Mental & Behavioral Health
Axis serves the mental and behavioral health needs of the community in a culturally appropriate manner. Providers are ARMHS certified (Adult rehabilitative mental health services) with the goal of assisting patients to develop and enhance psychiatric stability, social competencies, personal and emotional adjustment, and independent living and community skills. Providers instruct, assist, and support in medication education and monitoring, basic social and living skills in mental illness symptom management, household management, employment-related challenges, and transitioning to community living. In cases of patients who require more accommodation because of confusion, fear, and other forms of immobility, ARMHS certified providers are trained to provide services in the home of the recipient, relative, or significant other.
For the Somali and East African population that comprises the majority of the Axis Clinic’s patient base, mental health care is largely unavailable because of a lack of providers who have the necessary cultural understanding and language skills to work well with this population. In order to best respond to the needs of Somali clients, it is important to understand their unique experiences and circumstances. This is even more critical in mental health therapy than in primary health care. This is where Axis excels.
There are four principal causes of degraded behavioral/mental health among this population:
Acculturation and PTSD
Somali immigrants and refugees in the Twin Cities face enormous cultural and language differences, must sometimes contend with racism and a sense of societal rejection, often lack literacy skills, and suffer economic deprivation. Clinical studies show that rates of Post-Traumatic Stress Disorder (PTSD) among immigrant and refugee populations range from 39 percent and 100 percent (compared with 1 percent in the general population) while rates of depression range between 47 and 72 percent. The impact of war trauma, social isolation and change in social status make acculturation difficult. These have a significant impact on psychosocial adjustment.
Trauma of War and Displacement
Immigrants and refugees often have experienced stressful events that contribute to mental illness or adjustment problems, including the loss of homeland and loved ones. Immigrants, and especially refugees, have likely suffered malnutrition or famine, violence, political persecution and torture. Often trauma goes untreated. Past trauma and current adjustment challenges increase the risk of developing behavioral and mental health problems. The recent U.S. Surgeon General’s report Mental Health: Culture, Race, Ethnicity highlights the disproportionate burden of mental illness that racial and ethnic minorities face.

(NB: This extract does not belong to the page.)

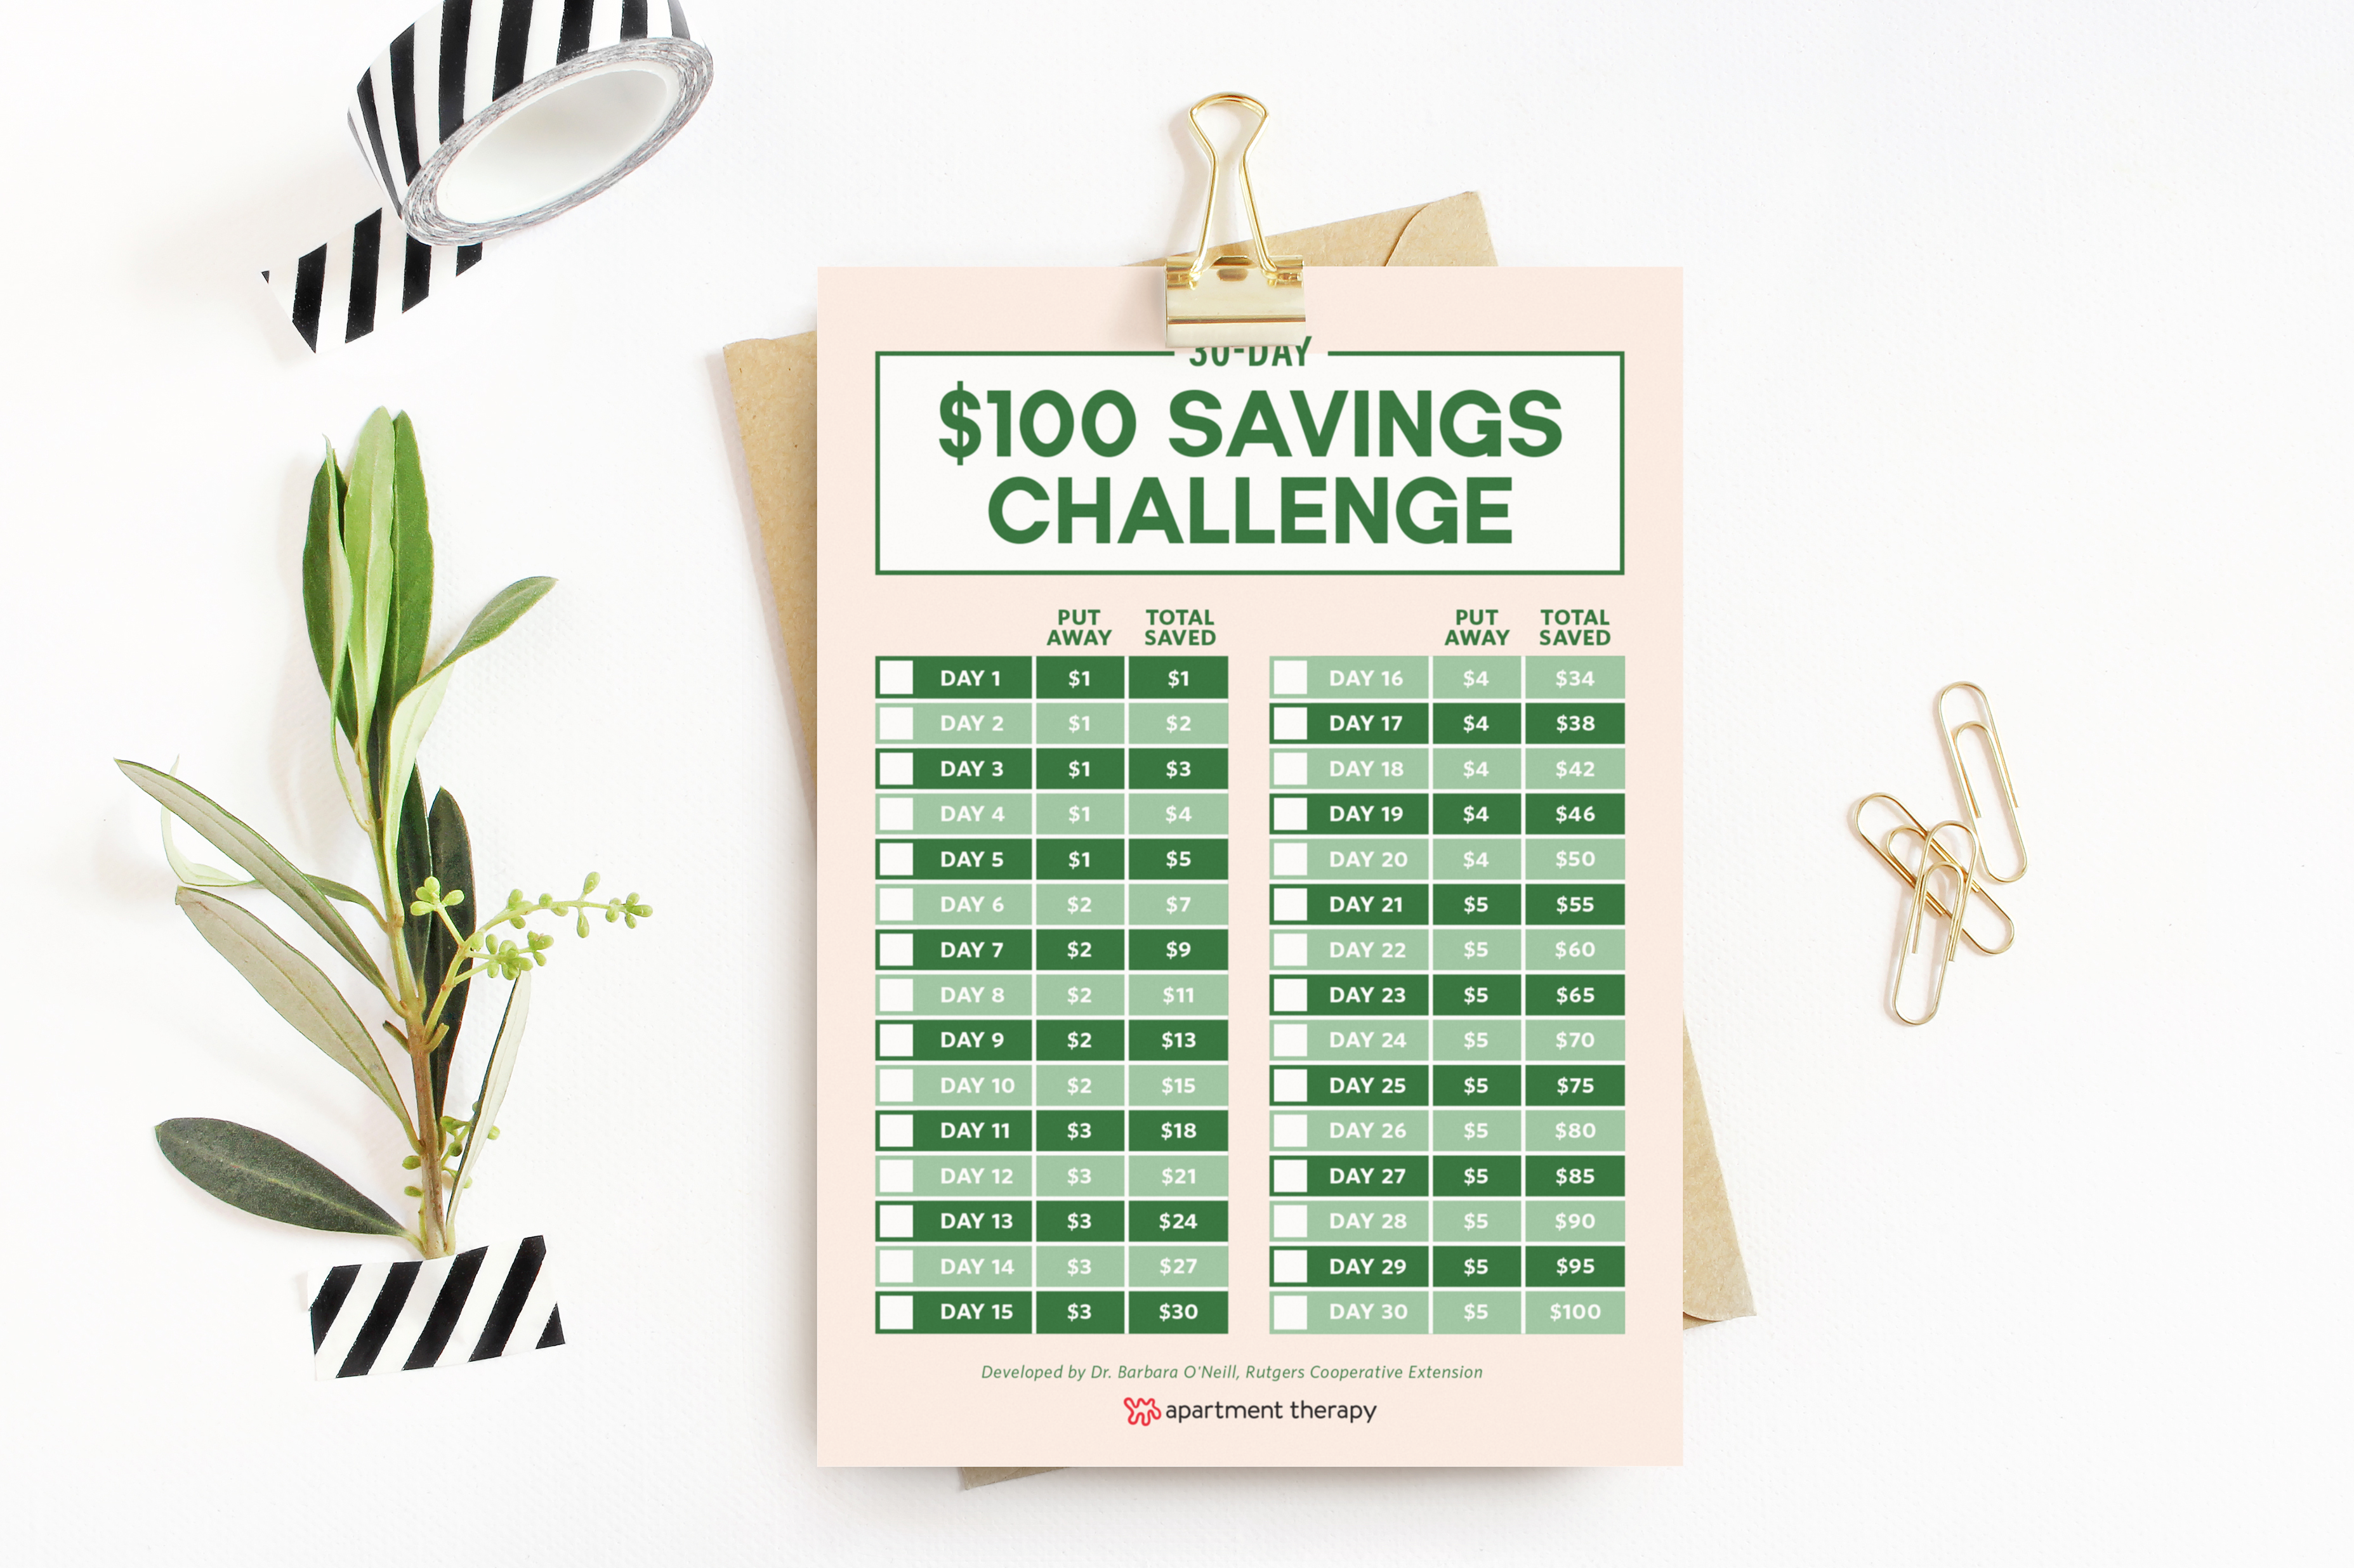 5 EASY Savings Challenges That Will Help You Save THOUSANDS [FREE

Stigmatism and Social Isolation
Many Somalis with mental illness are stigmatized and socially isolated. The pain of this isolation is felt intensely because Somali culture is traditionally communal and family oriented. While a person with mental illness may be ostracized from the community, their fear of stigma may be even more powerful, and prevent them from seeking intervention. Social isolation is not only disorienting, but it makes the process of healing difficult. Unaddressed isolation from community can contribute to the development of depression.
Loss of Social Place and Status
Family situations where the children speak English better than their parents and are more acculturated can result in the degradation of parental standing and authority. In Somali families, the children often take care of necessities such as paying the rent or speaking with the landlord. This is particularly disorienting in a culture where adults are not accustomed to learning from children. Furthermore, immigrants may suffer a loss of their accustomed honor and/or standing once separated from their tribal communities. Skillsets needed to thrive in Minnesota may be different and confusing to new immigrants, exacerbating a sense of worthlessness and loss of honor.
The medical need in the AXIS area is by no means limited to the East African immigrant community. The sizeable homeless population brings needs for mental and behavioral health care and a relatively high rate of injury. The percentage of homeless people who have suffered some form of brain trauma is now believed to be extremely high, and appropriate health care requires understanding and expertise in this area. Other demographics of pressing needs in the area include recent Hispanic and Karen immigrants. These groups face the same linguistic barriers that have confronted the East African populations.
With the goal of expanding services, Axis initiated a relationship with Dignity Center, four blocks from the Axis main clinic, which assists homeless people achieve and maintain stability. More recently, Axis has begun a collaboration with Mary’s Place, an organization that offers a shelter and transitional housing to up to 600 people at a time. Mary’s Place encourages participants to establish a relationship with a primary health and mental and behavioral health professionals at Axis with a view toward overcoming the principle obstacles to the transition into successful independent living.
Axis providers serve your mental and behavioral health needs in a culturally appropriate manner.